Christian Horner will attend this weekend’s British Grand Prix at Silverstone for his first race appearance since leaving Red Bull in July 2025, using his return to launch a memoir, Drive, that will be released on October 22.
The timing matters because Silverstone was also the site of Horner’s final race in charge of Red Bull before he was removed ahead of the 2025 Belgian Grand Prix, with his exit following the team’s performance slide and an escalating internal power struggle. Almost exactly a year later, he is back in the paddock as a guest, with a book that promises his side of a 20-year spell at the center of Formula 1.
Drive will be published by Transworld Publishing in hardback, ebook and audiobook formats, with Horner narrating the audio edition himself.
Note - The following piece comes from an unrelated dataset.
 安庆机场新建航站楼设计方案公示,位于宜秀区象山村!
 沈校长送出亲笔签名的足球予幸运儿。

The memoir is framed as an account of his rise from becoming Formula 1’s youngest team principal when Red Bull entered the sport in 2005 through periods of both “success and adversity.”
In the announcement for the book, Horner said: “F1 is ultimately a people business. While the sport is often defined by the cars, the victories and the championships, what stays with me most are the people, the decisions, the challenges and the extraordinary cast of characters I encountered along the way. This book is my reflection on an incredible 20-year journey and the many individuals who helped shape it.”
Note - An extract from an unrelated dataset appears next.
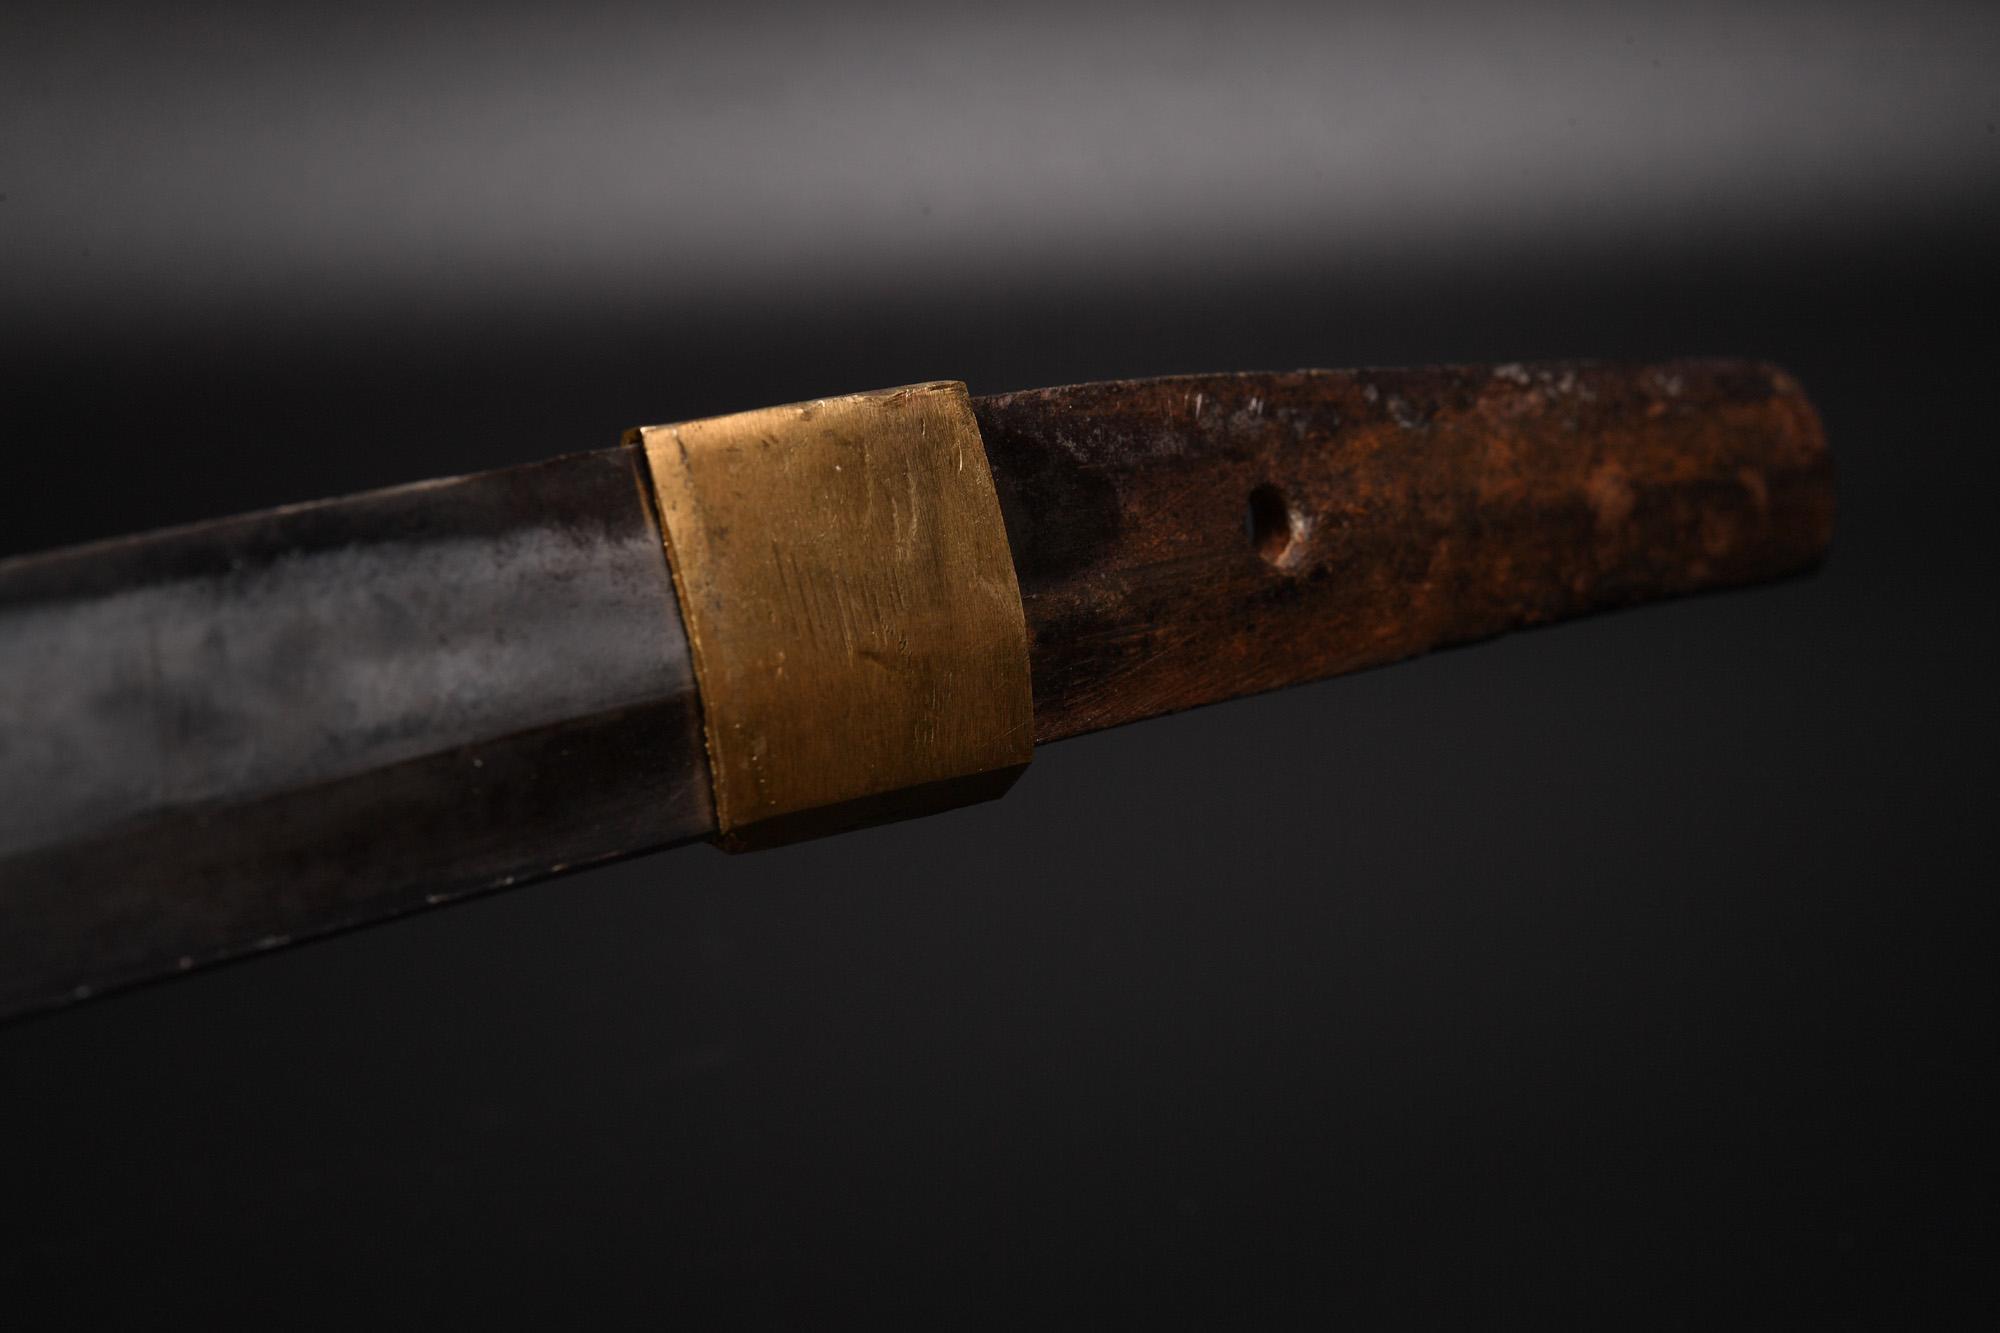 日本刀(脇差し)に摸造刀白鞘を流用 その2 鎺2個目を合わせました。

The publisher is pitching the memoir as “vivid, candid and uncompromising,” saying it will cover the pressure and split-second decision-making involved in running a front-line Formula 1 team, as well as the “shock upsets, rivalries and private challenges” Horner faced. It will also revisit the two Red Bull title-winning eras that brought eight drivers’ championships, six constructors’ crowns and 124 wins under his leadership.
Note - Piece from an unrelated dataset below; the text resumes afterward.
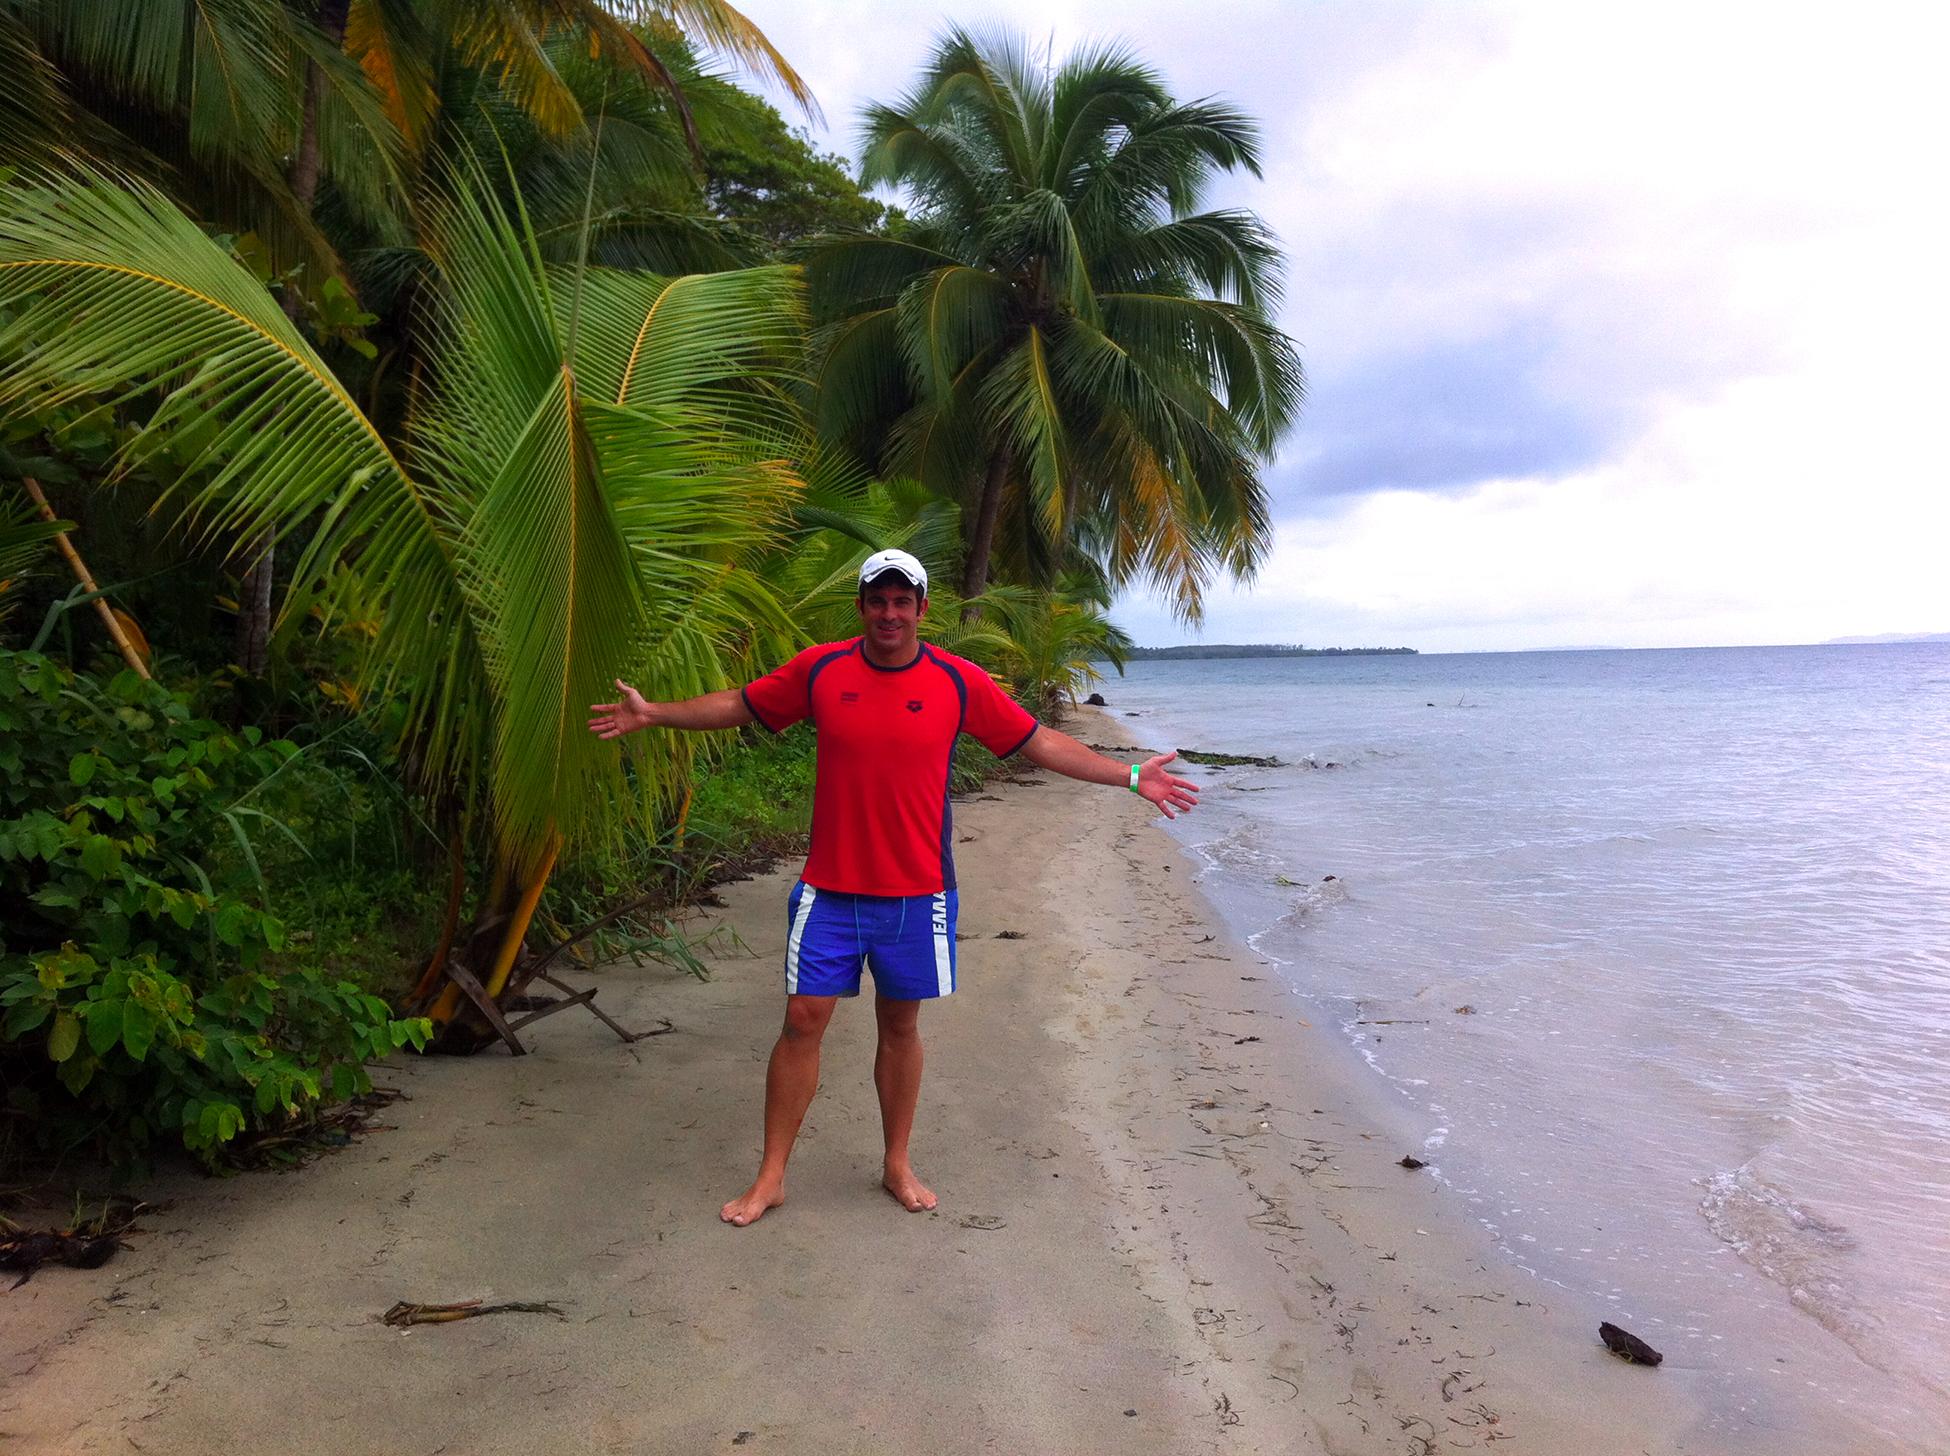 Viajar a Costa Rica / Ruta por Costa Rica en 3 semanas ruta por costa rica - 38217198132 b43a5d4b6d o - Ruta por Costa Rica en 3 semanas

The book launch also lands alongside Horner’s clearest public signal yet that he still sees his Formula 1 story as unfinished. Speaking at the European Motor Show in Dublin in February, Horner said: “I feel like I have unfinished business in Formula 1.” He added that he would not return “for just anything,” only for “something that can win.”
That position helps explain why his comeback has not happened yet. After a year away from motorsport and talks with current and prospective Formula 1 operations, Horner has still not found a role that fits his terms. He has made clear he wants influence as well as a seat back at the table, saying in Dublin: “I would want to be a partner, rather than just a hired hand.”
One avenue appears to have cooled. Horner had been strongly linked for months with Alpine, but Renault chief Francois Provost said last month: “There is no discussion today with Christian.” That leaves Silverstone less as the start of a confirmed return than a reminder that Horner wants one, and that if he does come back, he intends to do it with control and with a project capable of winning.